Nothing but the lines from the one containing "PlayStation 4 Revealed;" to the end of the data should be copied, exactly, and the pictures stay out.

■ DATASET EXCERPT ■
*****

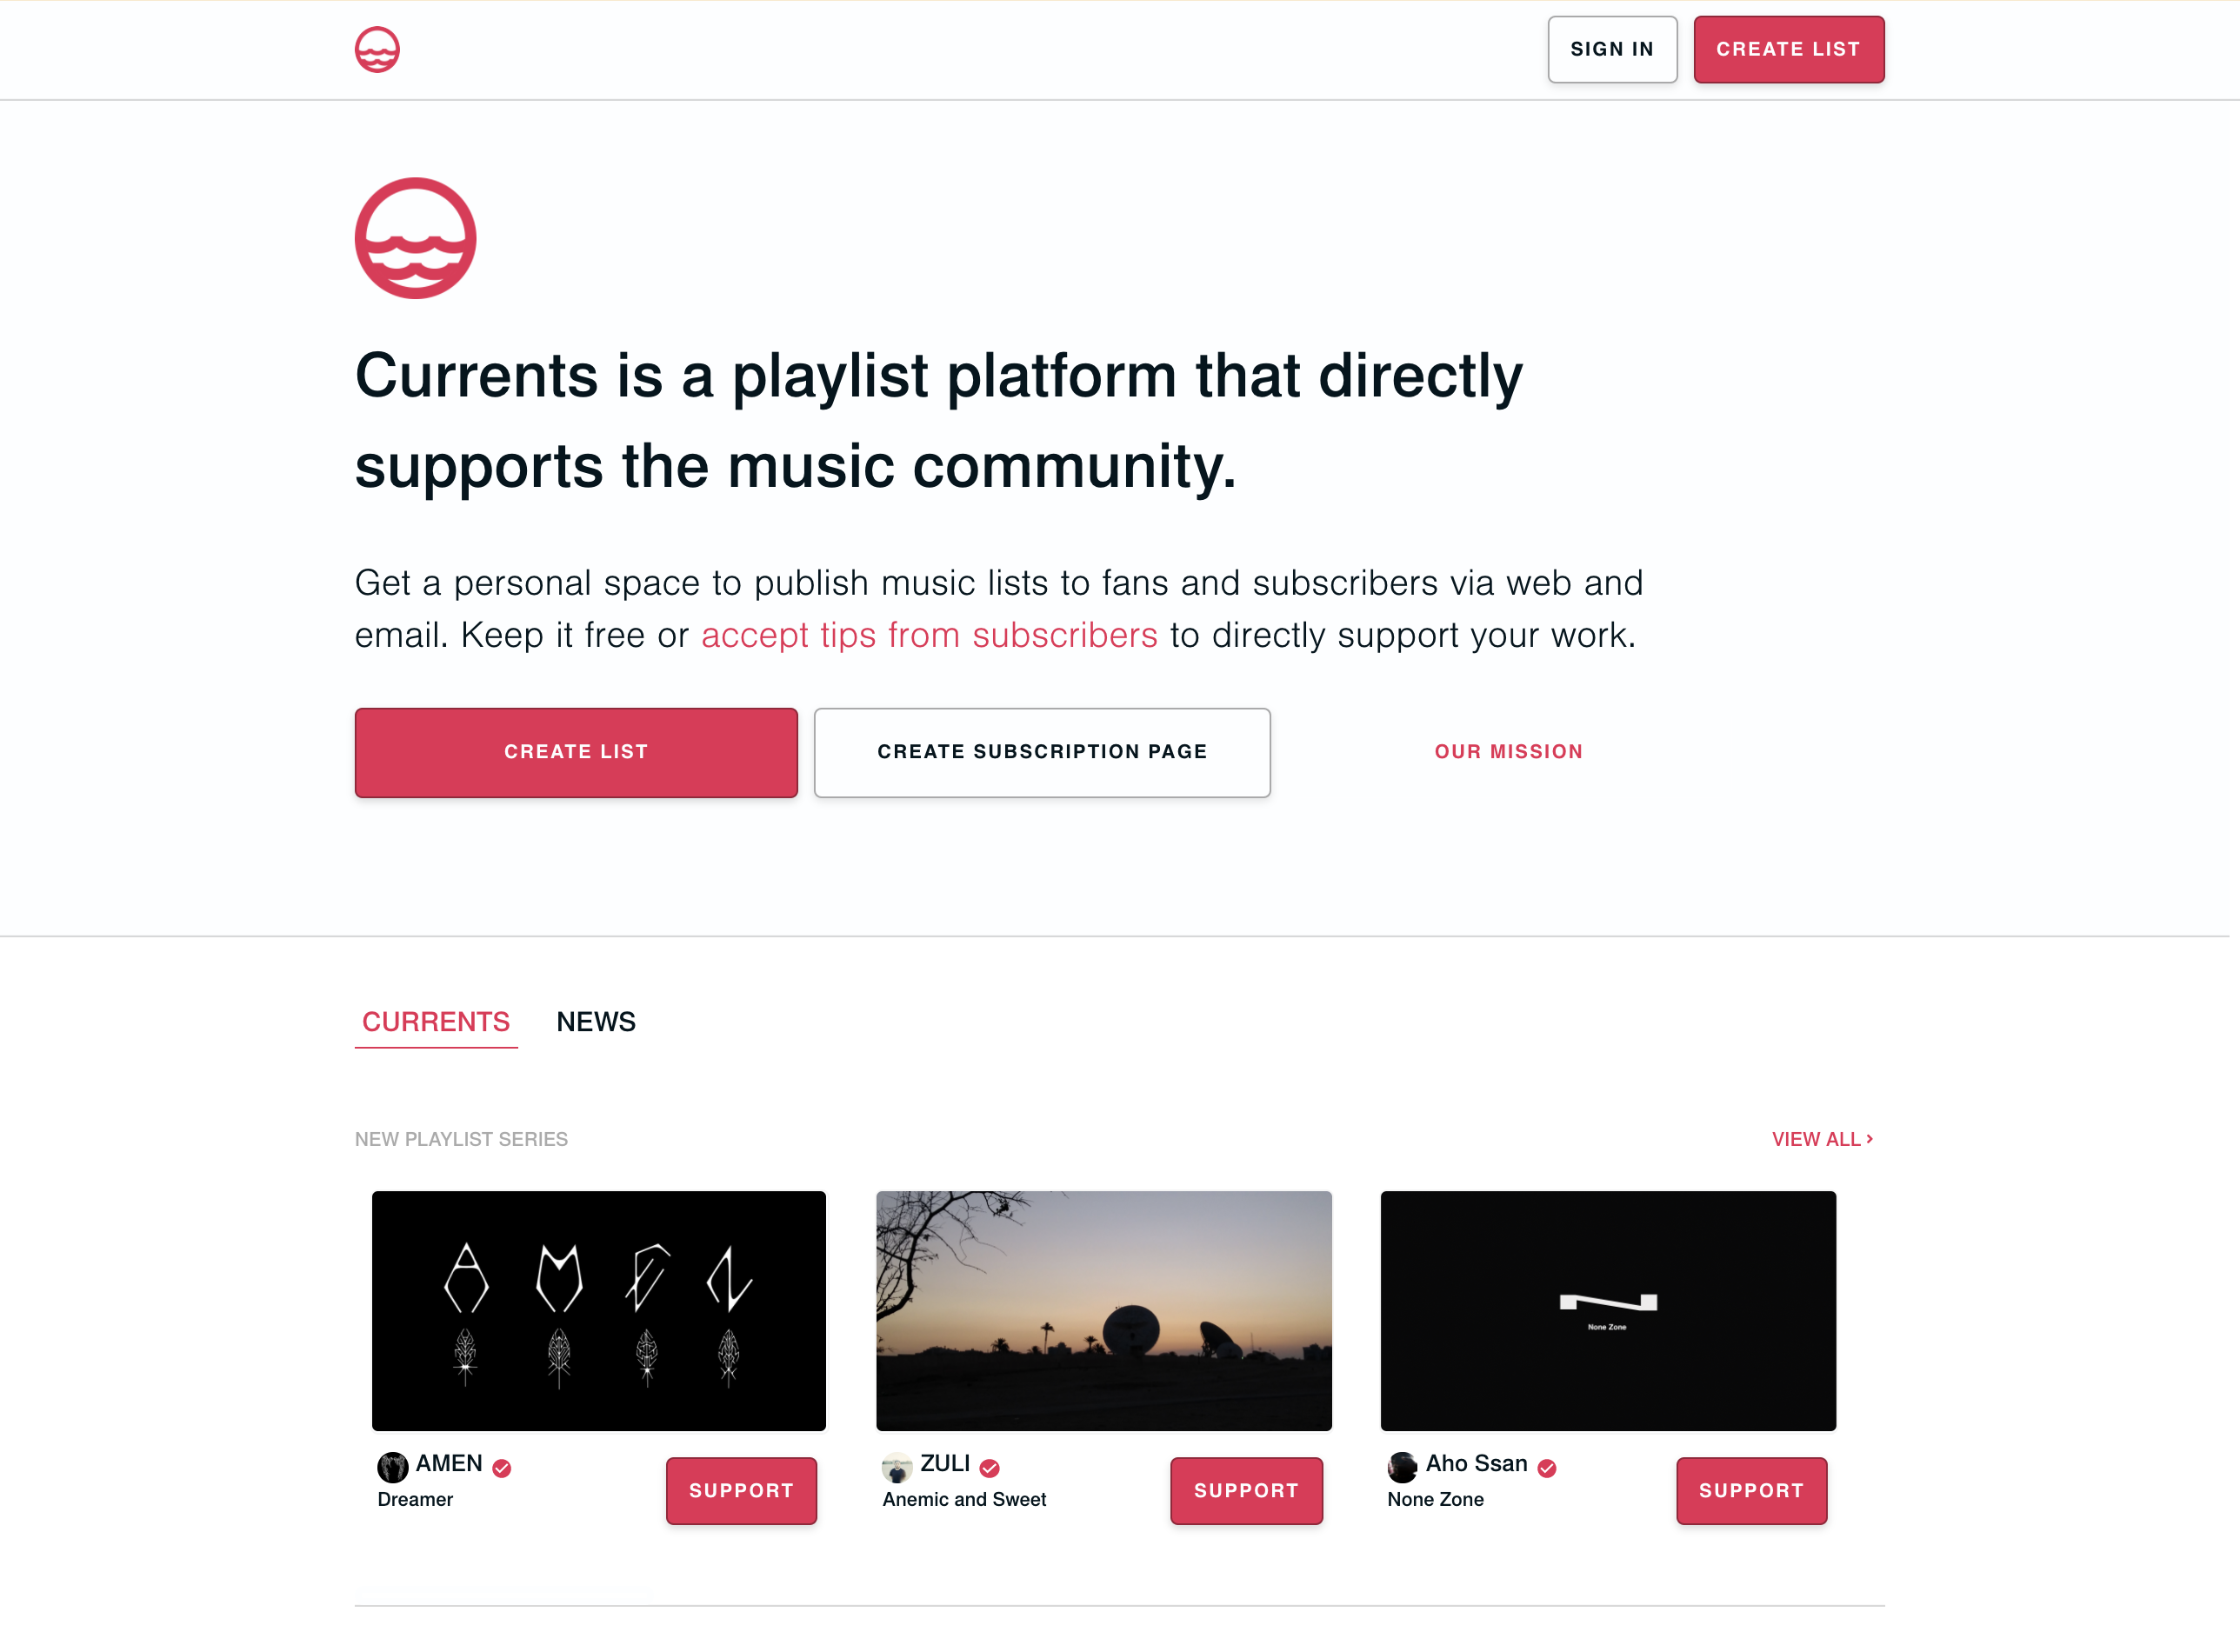 A partial screenshot from currents.fm homepage focused on the title and subtitle, which read ‘Currents is a playlist platform that directly supports the music community. Get a personal space to publish music lists to fans and subscribers via web and email. Keep it free or accept tips from subscribers to directly support your work.’
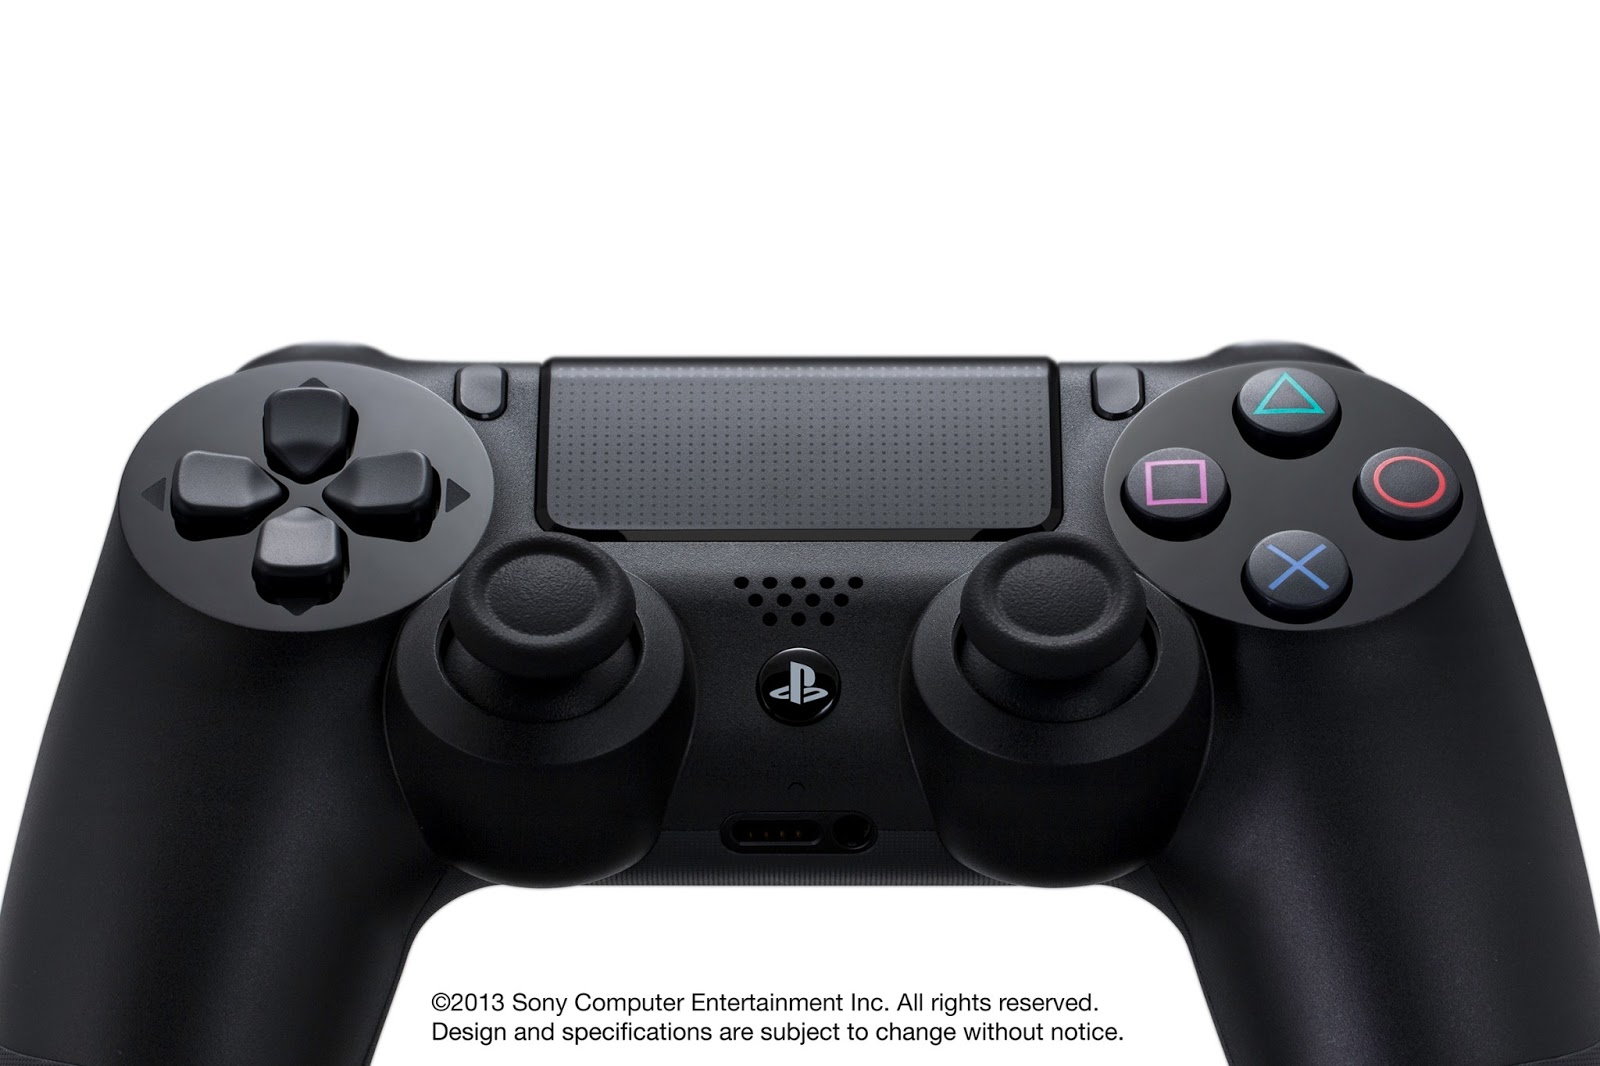 PlayStation 4 Revealed; The Hardware and Controller pic 4
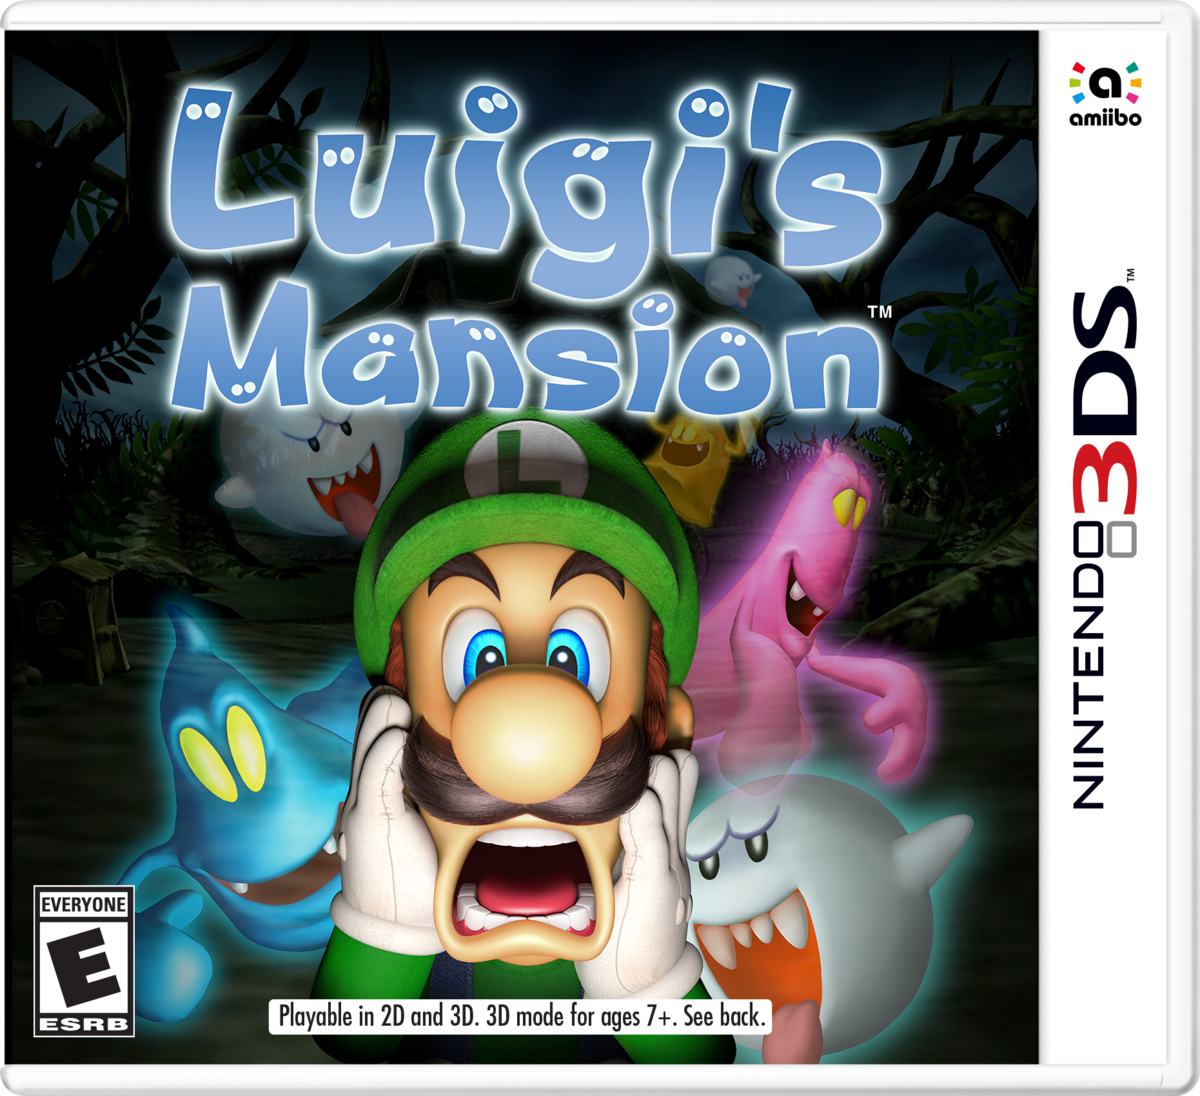 luigi-s-mansion-nintendo-3ds-strategywiki-the-video-game-walkthrough-and-strategy-guide-wiki

*****

■ RESPONSE TO THE EXERCISE ■
 PlayStation 4 Revealed; The Hardware and Controller pic 4
 luigi-s-mansion-nintendo-3ds-strategywiki-the-video-game-walkthrough-and-strategy-guide-wiki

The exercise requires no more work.